QUESTIONABLE CONUNDRUMS: Bad experience taught lesson about attitude

It's nice when optimism actually pays off.

At college, it's easy to let pessimism morph from an occasional disturbance into an everyday occurrence. That test in a core curriculum class you're probably not learning anything vital from puts you in a sour mood and makes it easier to snap at a good friend. The time you spend working on the inevitable five-page paper from the overzealous professor makes it that much harder to find some much-needed relaxation time. For those who work, that annoying co-worker puts a damper on even the best of days.

Before long, even the inconsequential things are reason enough to pull out the pity pot to throw a woe-is-me party.
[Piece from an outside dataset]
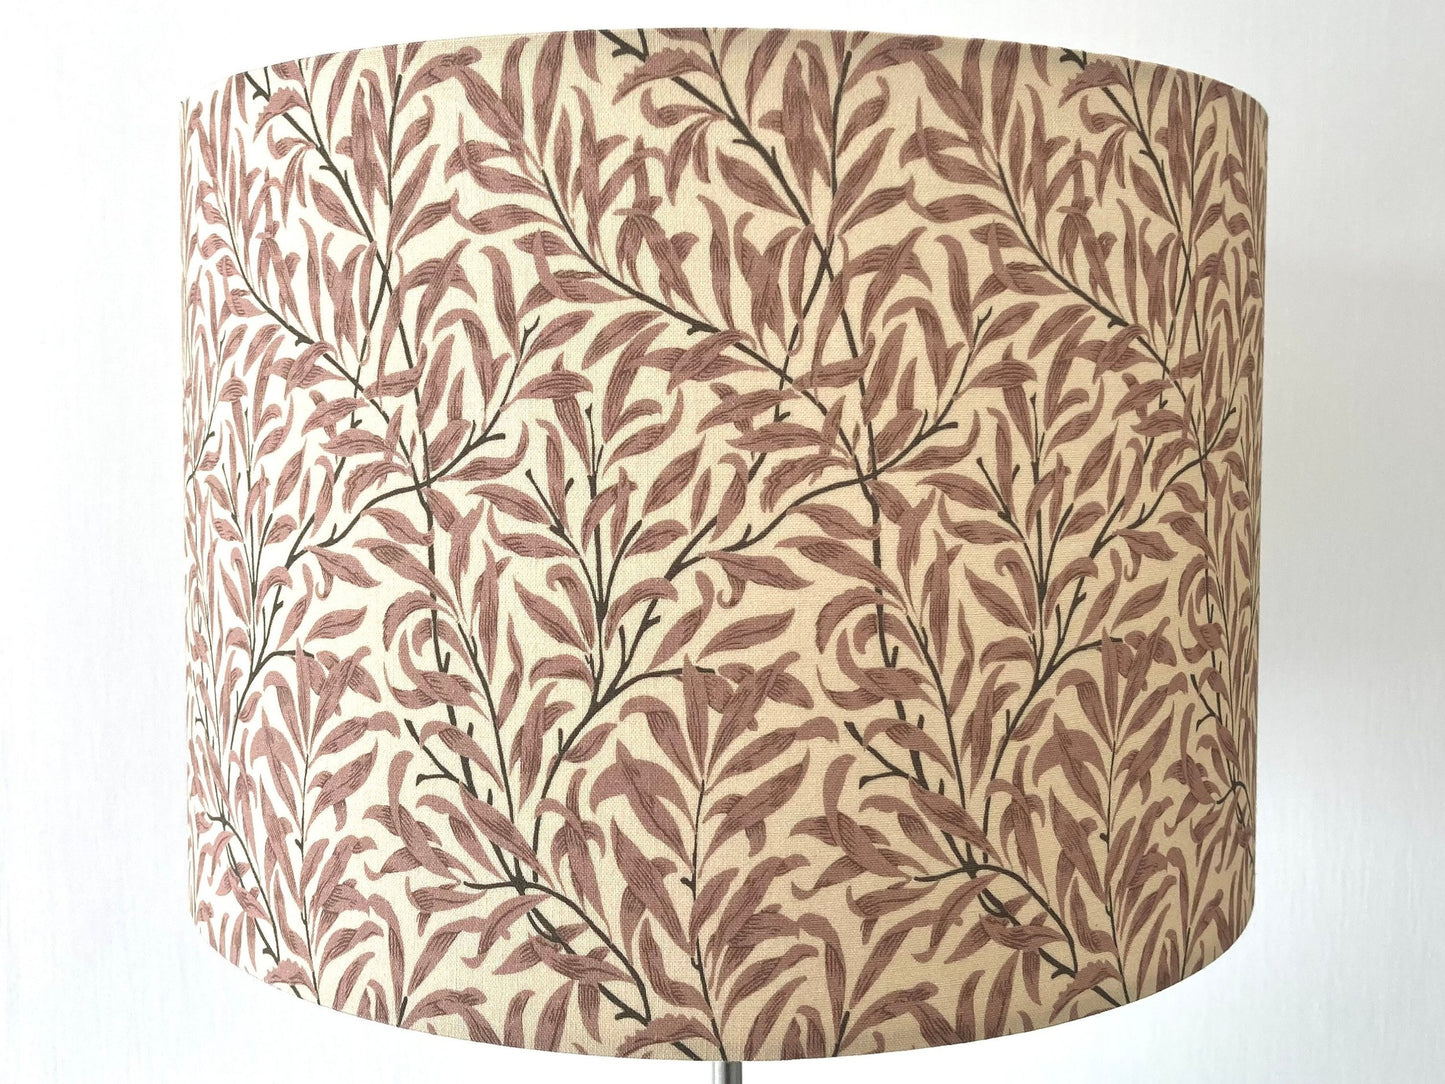 William Morris Beige Pink Willow Bough Fabric Lampshade for Table Lamps or Ceiling Lights

The good times are interspersed with the bad, but it's hard to remember them with everything piling up. Then, a legitimately adverse situation comes at the most inopportune time and pushes you that much closer to the edge.

For me, the edge came rushing up a bit more than a week ago. Vandalism of a simple survey I was moderating for the Daily News pushed me right over the limit. In the most pessimistic of moods, I even wrote a column about what had happened. I wrote with an infinitesimal bit of illogical hope that it might actually change things somehow.

I found out the shred of hope I had left was warranted. There was nothing I could do about the vandalism or the time I had to spend fixing it, but simply writing about the situation in hopes it would prompt someone into action actually worked.

As it turns out, my survey vandal (more accurately vandals, as I would find out) had that sense of right and wrong I assumed was lost on everyone. The vandals came to me, prompted by the column, and told me why they had corrupted my survey with 7,711 identical responses. They told me their actions weren't malicious. They even asked if they could help fix the situation in any way.

But best of all, they came to me and apologized for their actions.

I couldn't have hoped for such an amazing reaction to the column. In my pessimistic mood, the odds of my writing spurring something positive instead of more and more negativity were about as good as the odds that Gov. Sarah Palin would finally show her intellectual side. There was a slight chance at best, but in both cases the resignation that my optimism probably wouldn't come to anything was almost immediate. Thankfully, that feeling was quickly changed when the vandals did the right thing.

Before all this happened, I was on the road to unhappiness. People were inherently bad, and any good that was done was because of mere happenstance and nothing more. The survey vandalism and the events that followed reminded me that no matter what's piling up, everyone should start their day with the basic premise that things are going to go well and people are basically good.

The reaffirmation of the good that most people carry around on a daily basis was nothing short of miraculous. Suddenly, where there had been poor thoughts and even poorer attitudes there was a healthy outlook that fueled a more productive lifestyle. If people were willing to recognize the wrong in their ways and admit it, then anything was possible. From now on, it's something I'll hold on to, and I hope you do too.

Now if professors would only realize that it's more positive when students have less coursework to do, the world would be nearly perfect.